What a Hay Tedder Does — and the Wear Parts You Need to Keep on Hand

What Is a Hay Tedder?

A hay tedder is a forage conditioning implement designed to accelerate the drying of cut hay. After a mower lays hay down in a swath, the tedder picks it up, flips it, and redistributes it loosely across the field — exposing more surface area to sun and airflow. The result is faster, more even drying, which translates directly into higher-quality hay with better color, leaf retention, and nutritional value.

In practical terms, a tedder can cut drying time by 30–50% compared to leaving hay undisturbed.
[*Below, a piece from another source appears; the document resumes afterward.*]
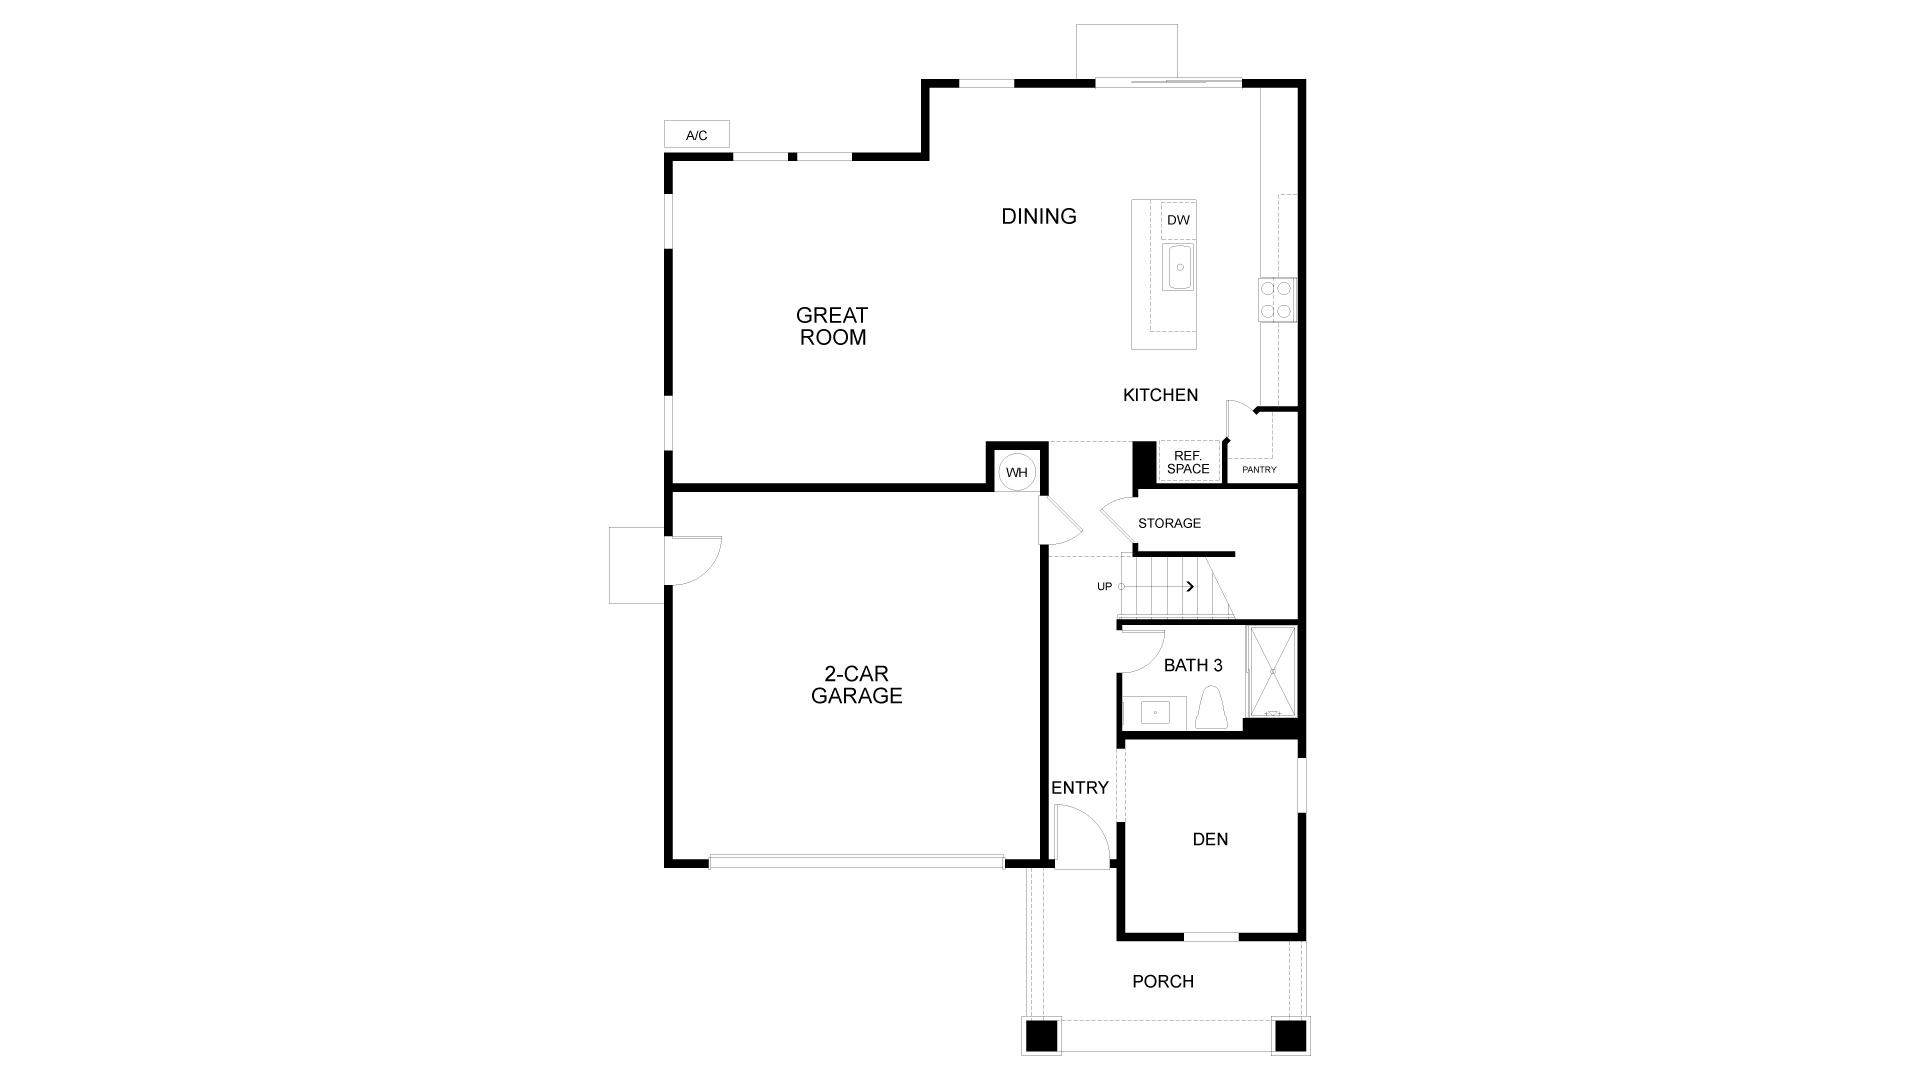 Residence 4 First Floor. 3br New Home in Petaluma, CA
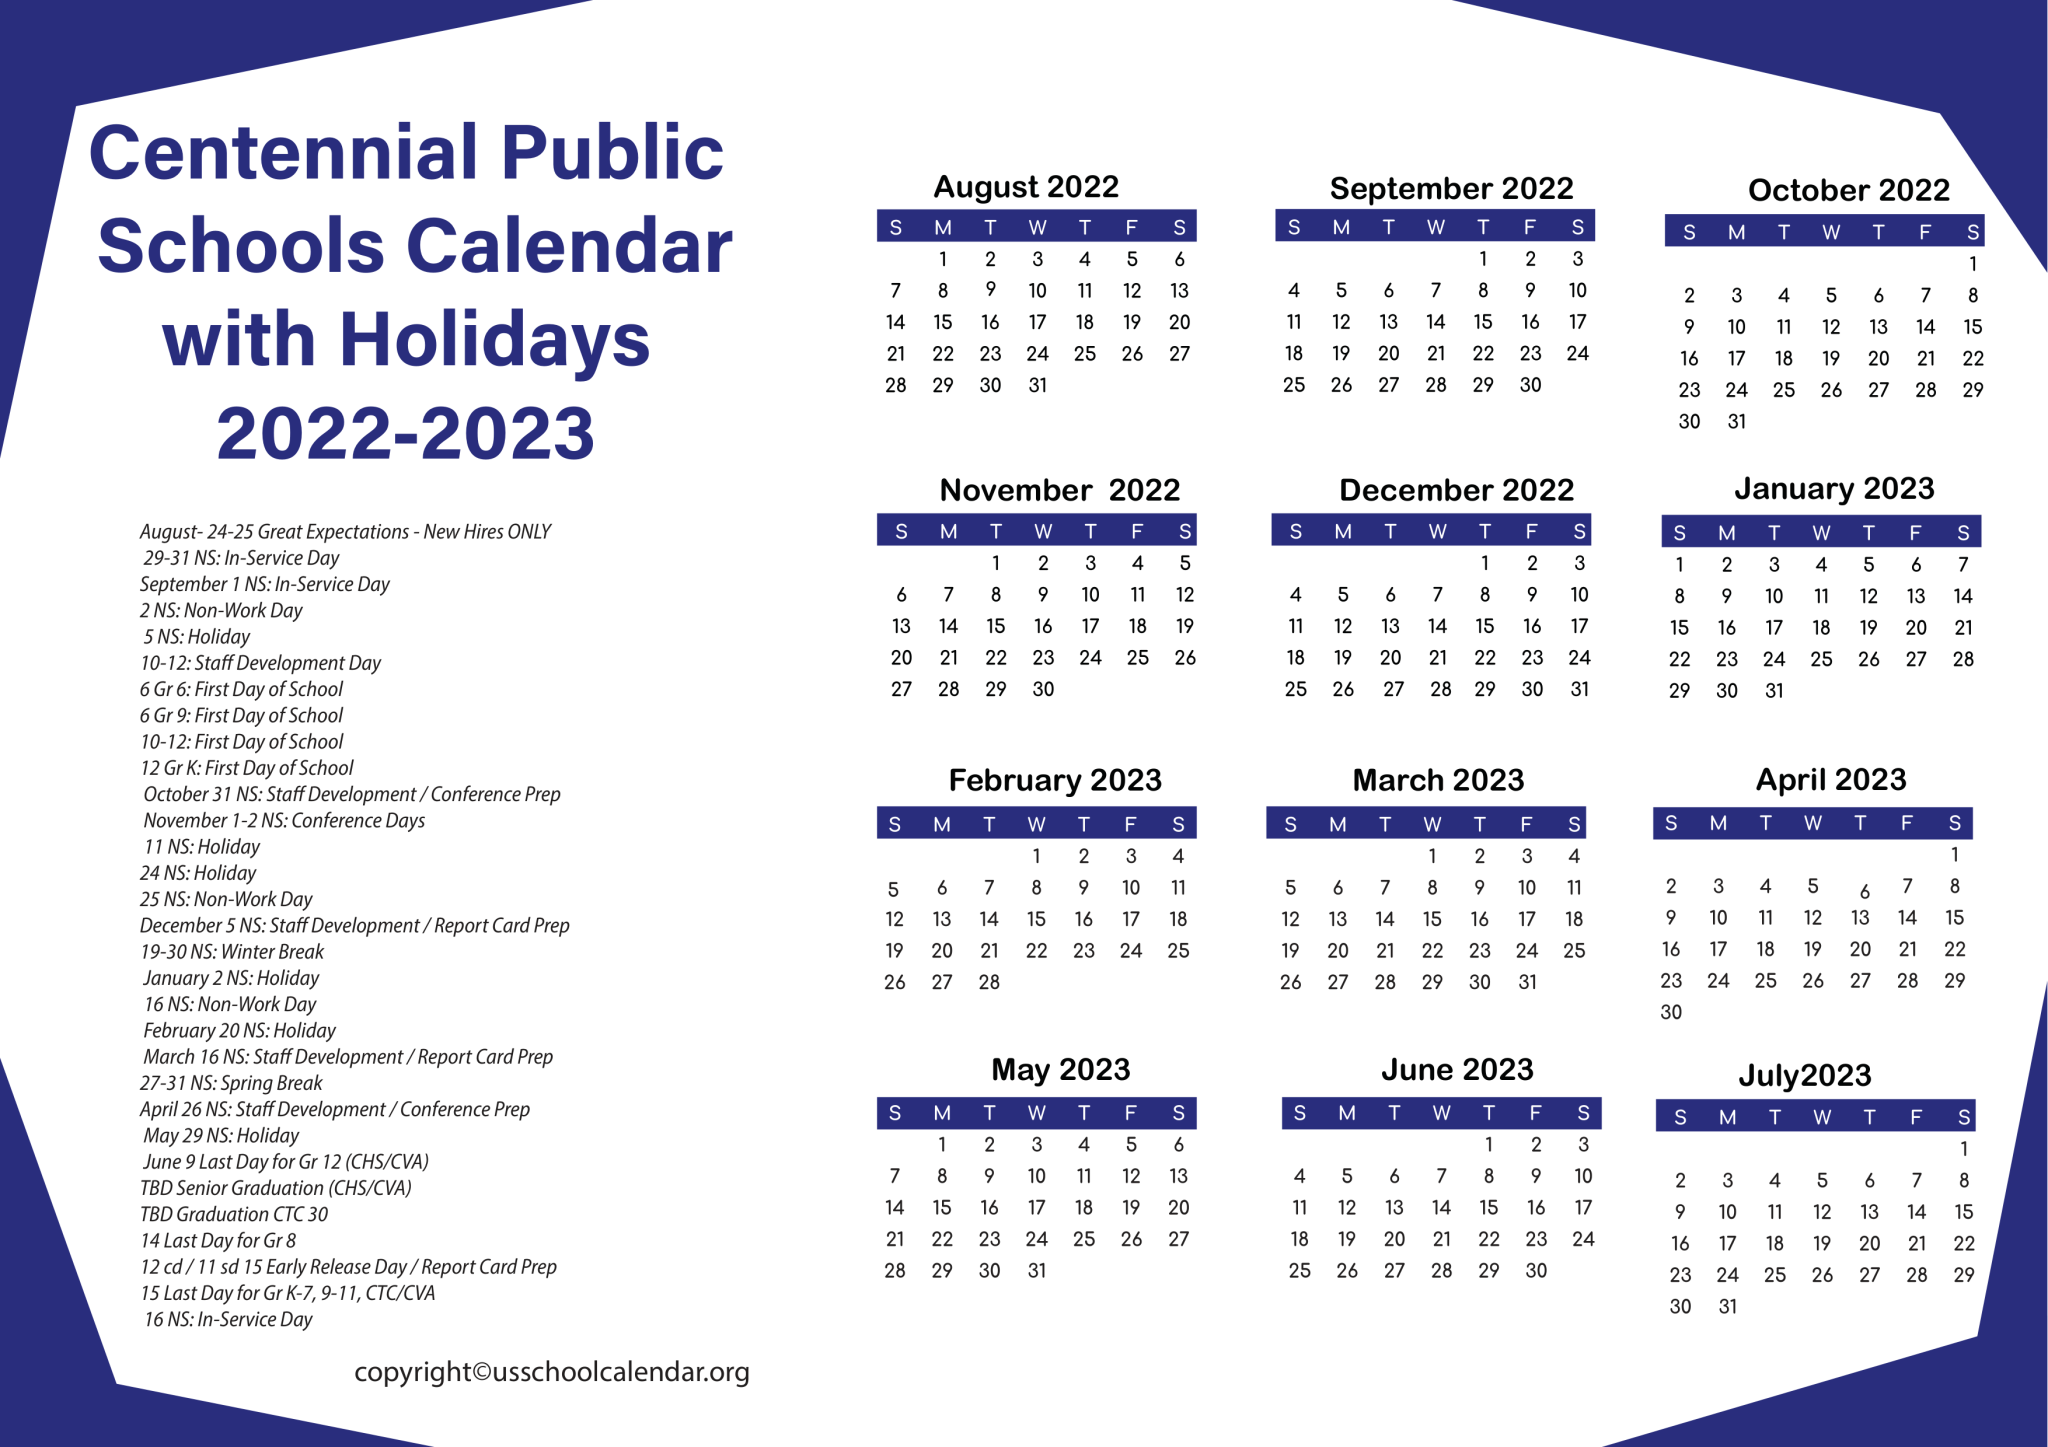 Centennial Public Schools Calendar with Holidays 2023

In regions with unpredictable weather windows, that time savings is the difference between putting up quality hay and putting up a moldy mess.

Tedders are available in several configurations:

  • Single rotor tedders — compact, ideal for smaller acreage and tight fields.
  • Multi-rotor tedders — wider working widths for high-volume operations; rotors are typically arranged in a line or offset pattern.
  • Trailed tedders — pulled behind the tractor on their own running gear, suited for very wide working widths.
  • Mounted/3-point tedders — attached directly to the tractor's 3-point hitch, more maneuverable in smaller fields.

How a Hay Tedder Works

The core mechanism of a tedder is simple but effective. Each rotor consists of a central hub with multiple tine arms radiating outward. Each tine arm carries two or more curved tines. As the PTO drives the rotors at high speed (typically 540 RPM), the tines sweep through the hay swath, lifting and throwing the material in a wide, airy pattern behind the machine.

On multi-rotor tedders, adjacent rotors counter-rotate, working together to move hay across the full working width without leaving gaps or bunching. The working height is controlled by gauge wheels or skid shoes, which keep the tines at the correct distance from the ground — close enough to pick up all the hay, but not so low that they dig into the soil and contaminate the windrow.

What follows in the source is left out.